In 1996, he founded FWI — an independent non-profit that produces their own, publically accessible maps to monitor those produced and used by the Forestry Ministry, the Agriculture Ministry, the President’s Climate task force and the National Land Agency to grant and manage forest concessions. Since 2002, FWI has worked with the World Resources Institute to monitor illegal activity in Central Kalimantan’s forest concessions where much of Indonesia’s deforestation occurs.

Hapsoro was a vital link between international environmental activists and the ground realities in Indonesia. In 2006, Hapsoro sailed aboard Greenpeace’s signature ship, the Rainbow warrior, to Papua to protest the cutting of the last stretch of intact, as-yet-untouched tropical rainforest that was to be converted into logs bound for markets abroad. The following year, he helped the international environmental watchdog photograph the extent land was being converted from forest to oil palm plantations in Riau.

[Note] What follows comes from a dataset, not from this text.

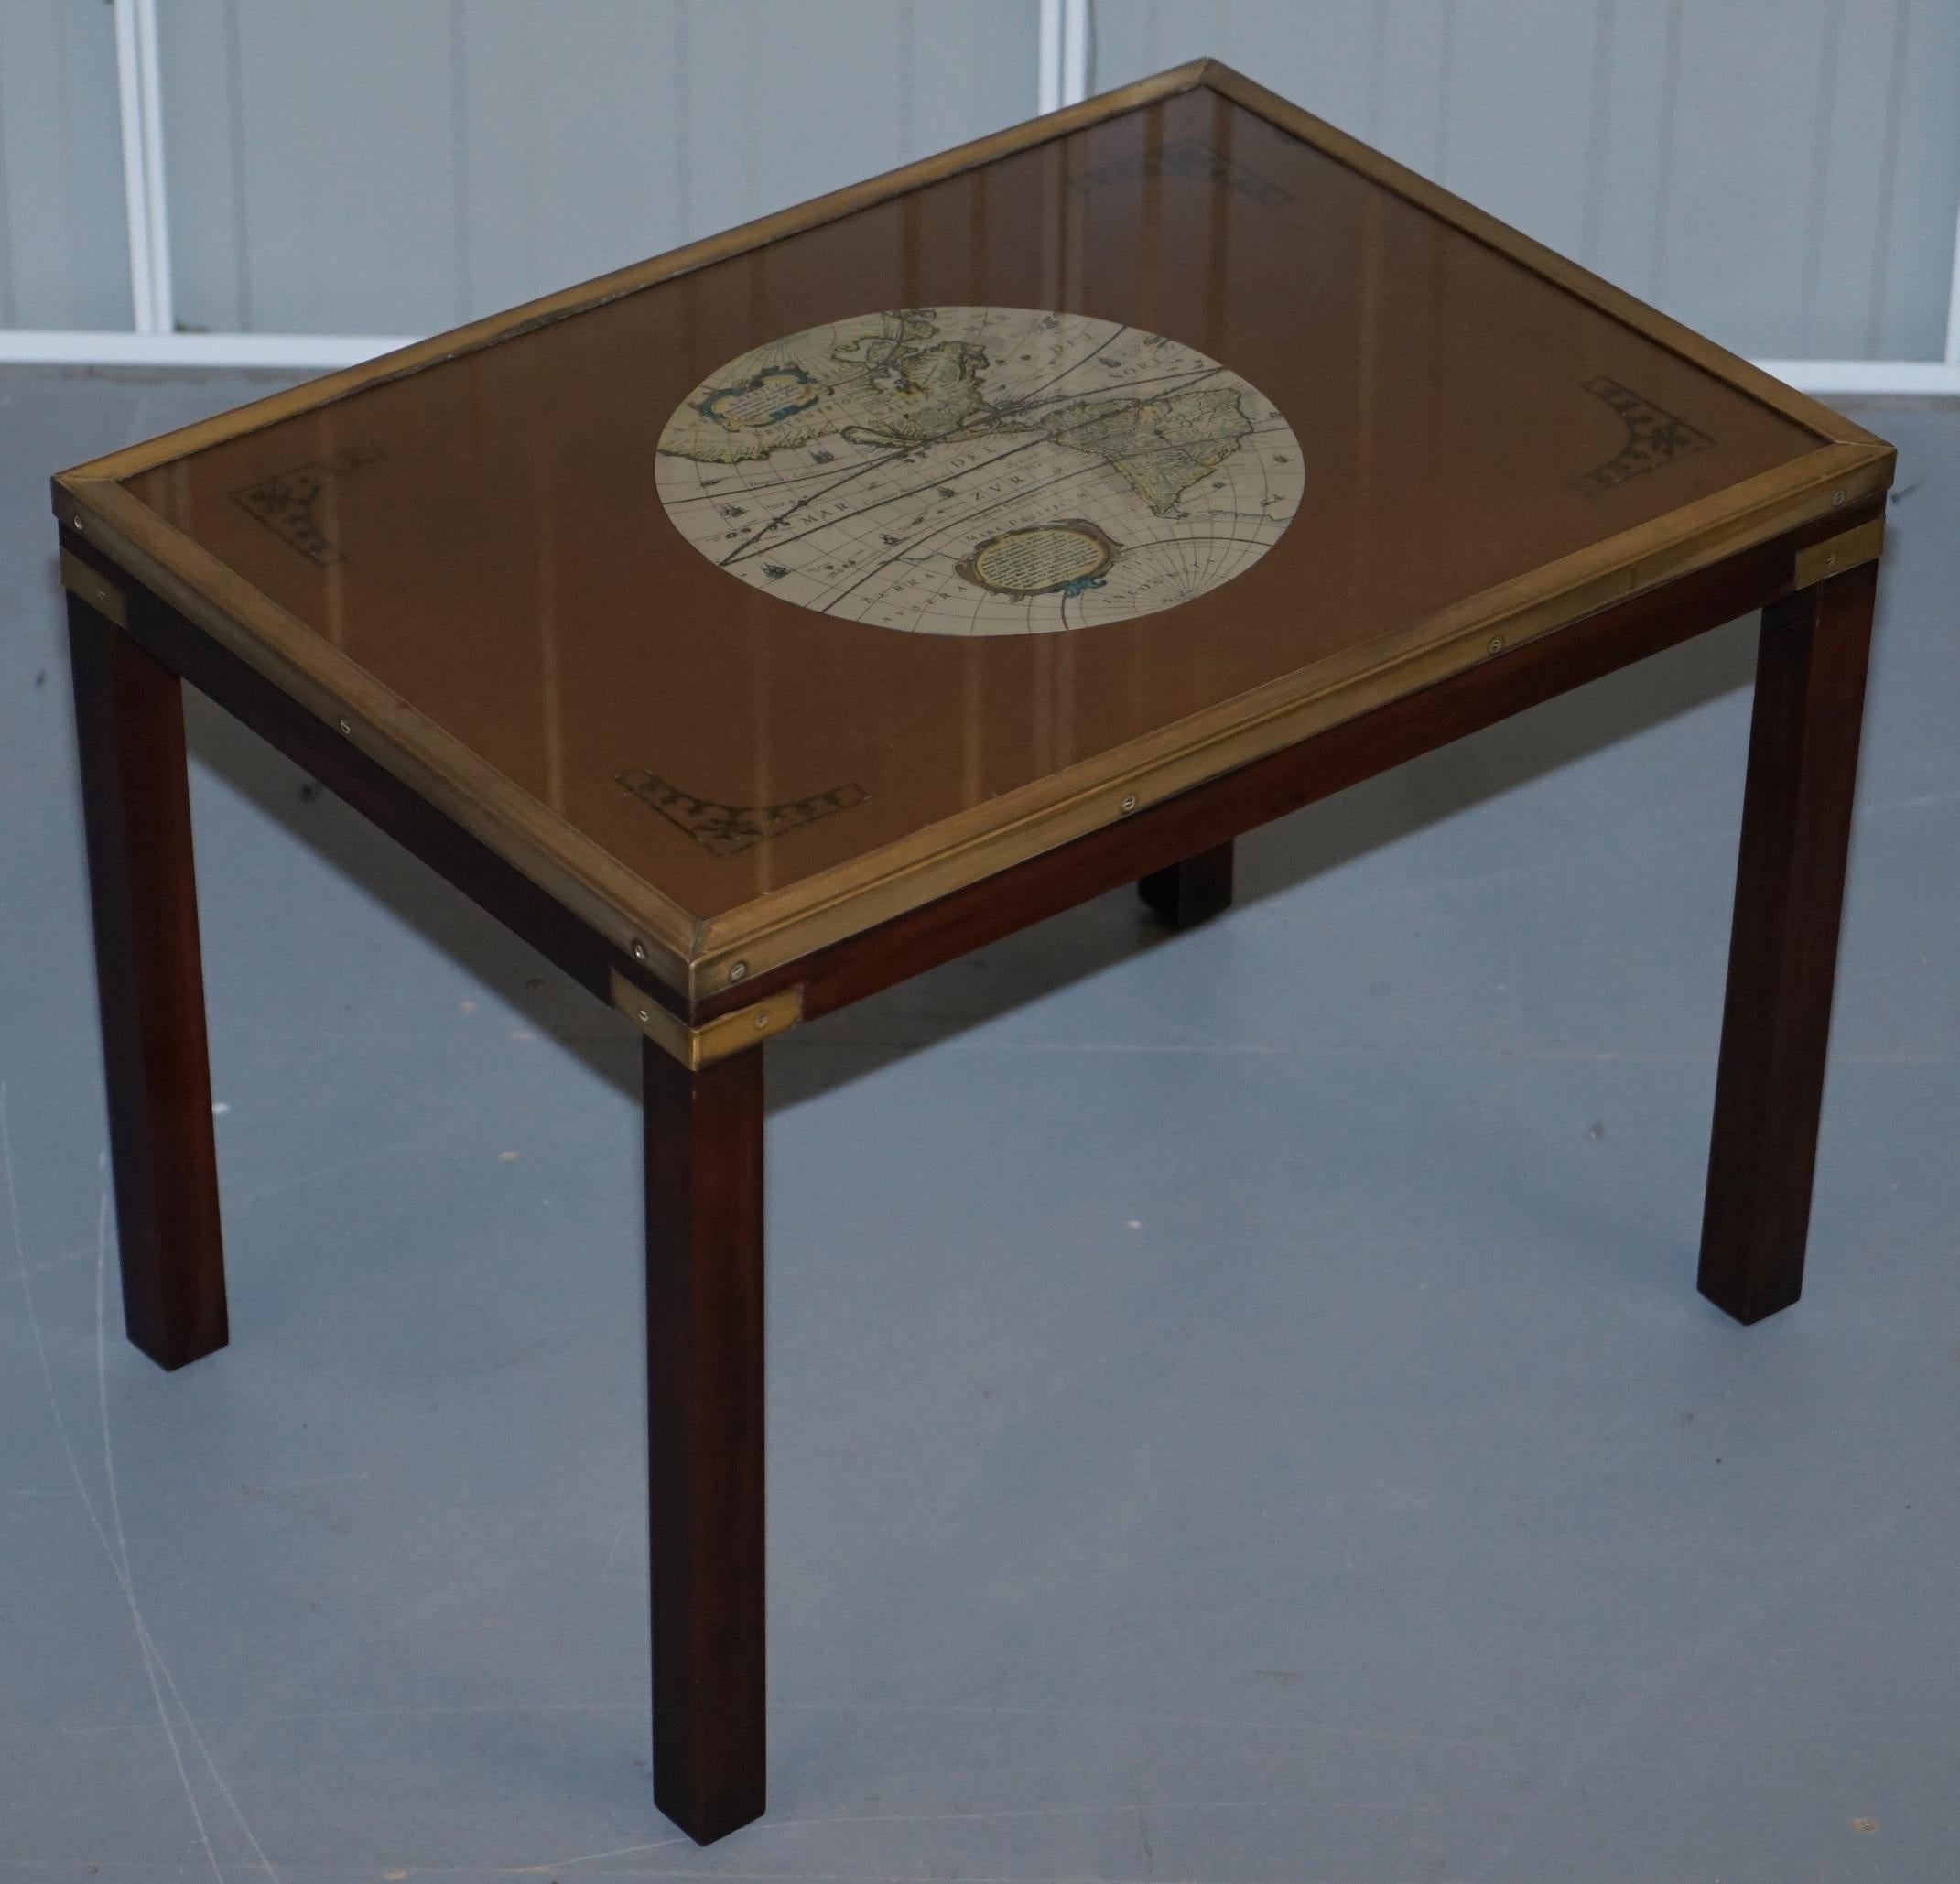 We are delighted to offer for sale this lovely nest of three side tables with world maps detailing

A nice decorative set, each one has a good quality print of a world map. They are made in the military campaign style so brass fittings and in

The nature of the fight against illegal logging has since changed. In 2002 and 2003, licensing and the government’s natural resource management system moved from dictums sent out from Jakarta to regency or province-level duties.

And instead of finding a new way to battle this tide, NGOs seem to be getting smaller and fewer. “Decentralization created more actors,” Ambrosius says. “A new common strategy is needed in Indonesia’s environmental movement but we are still struggling to create one.”

Though his major legacy is helping to preserve his country’s magnificent forests, Hapsoro was also a founding member of Indonesia River Defenders (IRD). But this was not as dramatic a shift as one might think. Hapsoro saw forests and their waterways as intrinsically connected. Forests act as catchment basins for river water. Clean rivers full of fish indicate intact forests along the river-course.

With IRD, Hapsoro returned to Riau again, this time to map river health, and since the visit, the NGO has gained many more regional branches across Indonesia.

“Rivers are where you can see the impacts of the destruction of forests,” explains Hariyanto Kikuk, Hapsoro’s friend. With Hariyanto, Hapsoro cofounded his last NGO, Komunitas Peduli Ciliwung (KPC) or the Community of Concerned for Ciliwung River. The Ciliwung arises in the mountains above Bogor and flows over a hundred kilometers through the capital city before it empties into Jakarta Bay. As part of its activities, KPC organizes weekly river walks to pick trash or plant trees along its banks.

Kikuk sees the founding of this last organization as coming full circle for Hapsoro. “He had already been everywhere advocating for Indonesia’s forests — Kalimantan, Papua, Europe. [With KPC] Hapsoro wanted to be answerable to his neighbors,” says Hariyanto .

And what better place to start than the river he grew up fishing along.

Hapsoro is survived by his wife and three children.